I use InnoDB+MyISA tables and "replicate-do-db" directive (look at the [mysqld] section  at the end)

Description of bug:

I make a SQL snapshot of my two databases from master server, copy them to /var/lib/mysql/db1 and /var/lib/mysql/db2 and set replication parameters:

CHANGE MASTER TO MASTER_HOST='host', MASTER_USER='user', MASTER_PASSWORD='password', MASTER_LOG_FILE='mysql-bin.XXXXX', MASTER_LOG_POS=position;

SLAVE START;  

Now replication starts. After few minutes the slave MySQL server completely crashes with error:

060530  2:51:49 [Note] Slave SQL thread initialized, starting replication in log 'mysql-bin.001506' at position 56255150, relay log './server1-relay-bin.000006' position: 56631737
mysqld got signal 11;
This could be because you hit a bug. It is also possible that this binary
or one of the libraries it was linked against is corrupt, improperly built,
or misconfigured. This error can also be caused by malfunctioning hardware.
We will try our best to scrape up some info that will hopefully help diagnose
the problem, but since we have already crashed, something is definitely wrong
and this may fail.

key_buffer_size=16777216
read_buffer_size=258048
max_used_connections=1
max_connections=100
threads_connected=1
It is possible that mysqld could use up to 
key_buffer_size + (read_buffer_size + sort_buffer_size)*max_connections = 92783 K
bytes of memory
Hope that's ok; if not, decrease some variables in the equation.

thd=0x8b72df8
Attempting backtrace. You can use the following information to find out
where mysqld died. If you see no messages after this, something went
terribly wrong...
frame pointer (ebp) is NULL, did you compile with
-fomit-frame-pointer? Aborting backtrace!
Trying to get some variables.
Some pointers may be invalid and cause the dump to abort...
thd->query at 0x8b7ba49 = insert into tblOrgEvent( 
                                org_event_from, org_event_to,
                                org_event_title, org_event_body, 
                                org_event_security, org_event_type,
                                org_event_up_id,
                                org_event_repeat_period,
                                org_event_repeat_count
                        ) values(
                                '2006-05-24 13:00', '2006-05-24 17:00', 
                                'Dovolenka Moussaova (1/2 den)','',
                                'all','event',
                                 NULL,
                                 '0',
                                 '0'
                        )
thd->thread_id=5
The manual page at http://www.mysql.com/doc/en/Crashing.html contains
information that should help you find out what is causing the crash.

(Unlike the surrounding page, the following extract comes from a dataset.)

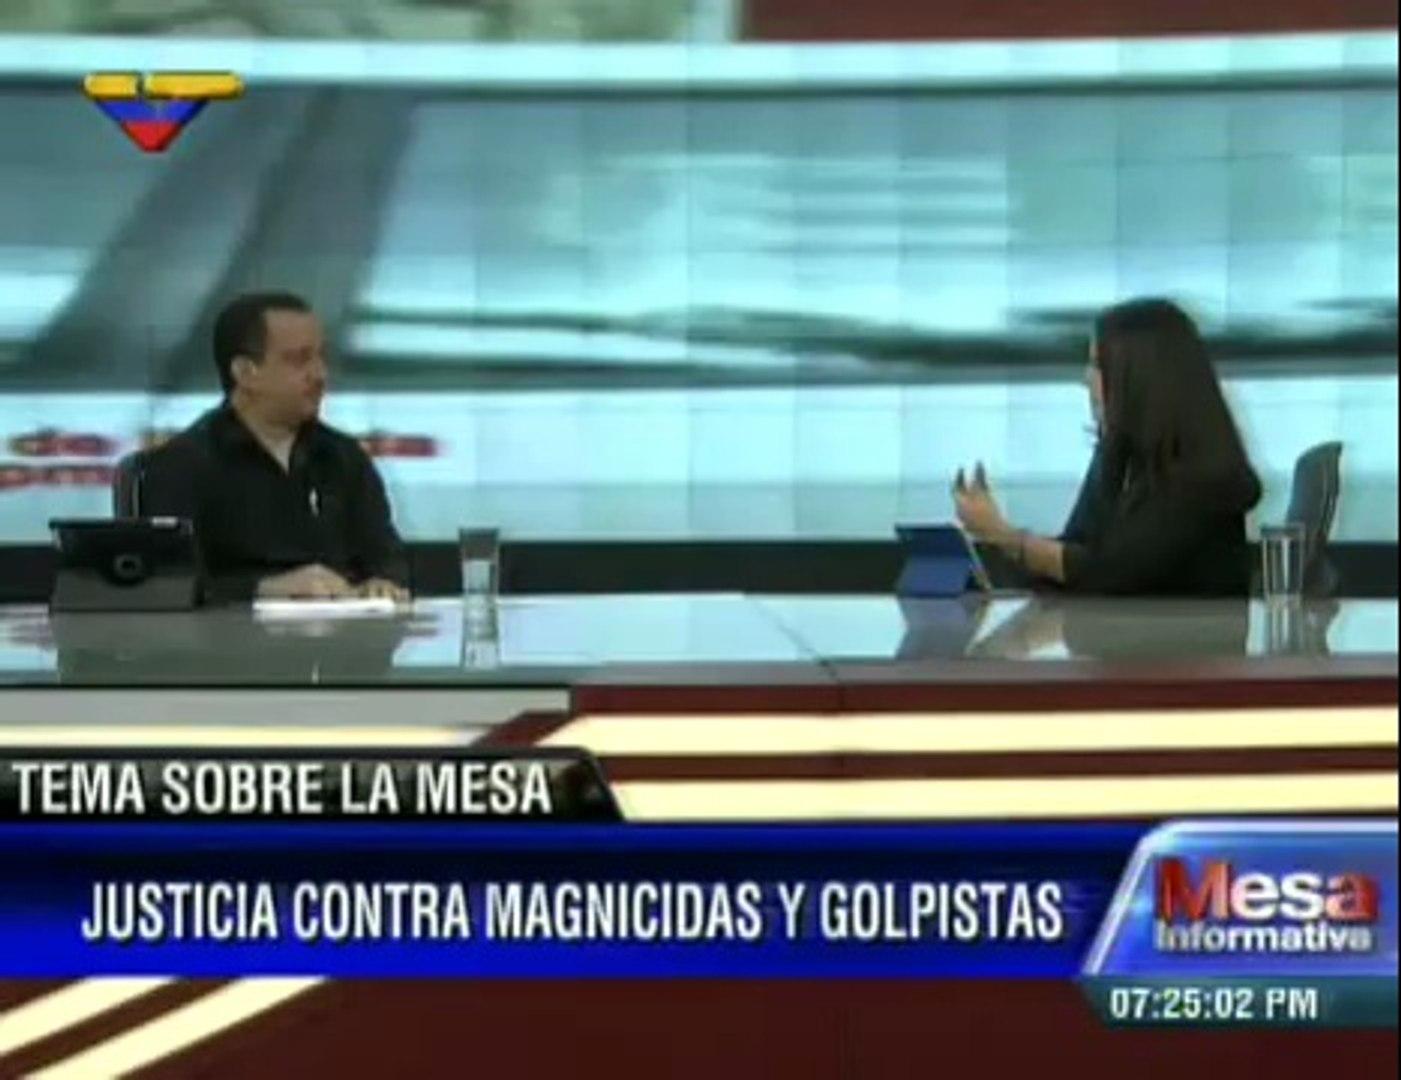 (Vídeo) Julio Chávez Desde 2011 existe plan para atentar contra el jefe de la Revolución

This works (with this version of MySQL) without problems before.
I also ran "mysqlcheck -r" on both databases (on master & slave server), but it didn't help.

My [mysqld] section looks like:

[mysqld]
skip-slave-start
user            = mysql
pid-file        = /var/run/mysqld/mysqld.pid
socket          = /var/run/mysqld/mysqld.sock
log-error       = /var/log/mysql/mysqld.err
basedir         = /usr
datadir         = /var/lib/mysql
tmpdir          = /tmp
language        = /usr/share/mysql/english
default-character-set   = utf8
character-set-server            = utf8
default-collation = utf8_slovak_ci
init-connect="SET NAMES cp1250"
skip-locking
key_buffer=16M
max_allowed_packet=1M
table_cache                             = 64
sort_buffer_size                        = 512K
net_buffer_length                       = 8K
read_buffer_size                        = 256K
read_rnd_buffer_size            = 512K
myisam_sort_buffer_size         = 8M

query_cache_limit       = 1M
query_cache_size        = 64M
query_cache_type        = 1

ft_min_word_len         = 3
low_priority_updates    = 1
long_query_time         = 5
log-slow-queries        = /var/log/mysql/mysql-slow.log
server-id               = 3
master-host             = 127.0.0.1
master-port             = 3307
master-user             = repl
master-password         = 4xuhl60KudvgKeFi
log-slave-updates
warnings
log-bin                 = /var/log/mysql/mysql-bin.log
relay-log               = server1-relay-bin
max_binlog_size         = 104857600
replicate-rewrite-db    = "db1->db1_replication"
replicate-rewrite-db    = "db2->db2_replication"
replicate-do-db         = db1_replication
replicate-do-db         = db2_replication

How to repeat:
I am able to repeat this bug only with my specific database.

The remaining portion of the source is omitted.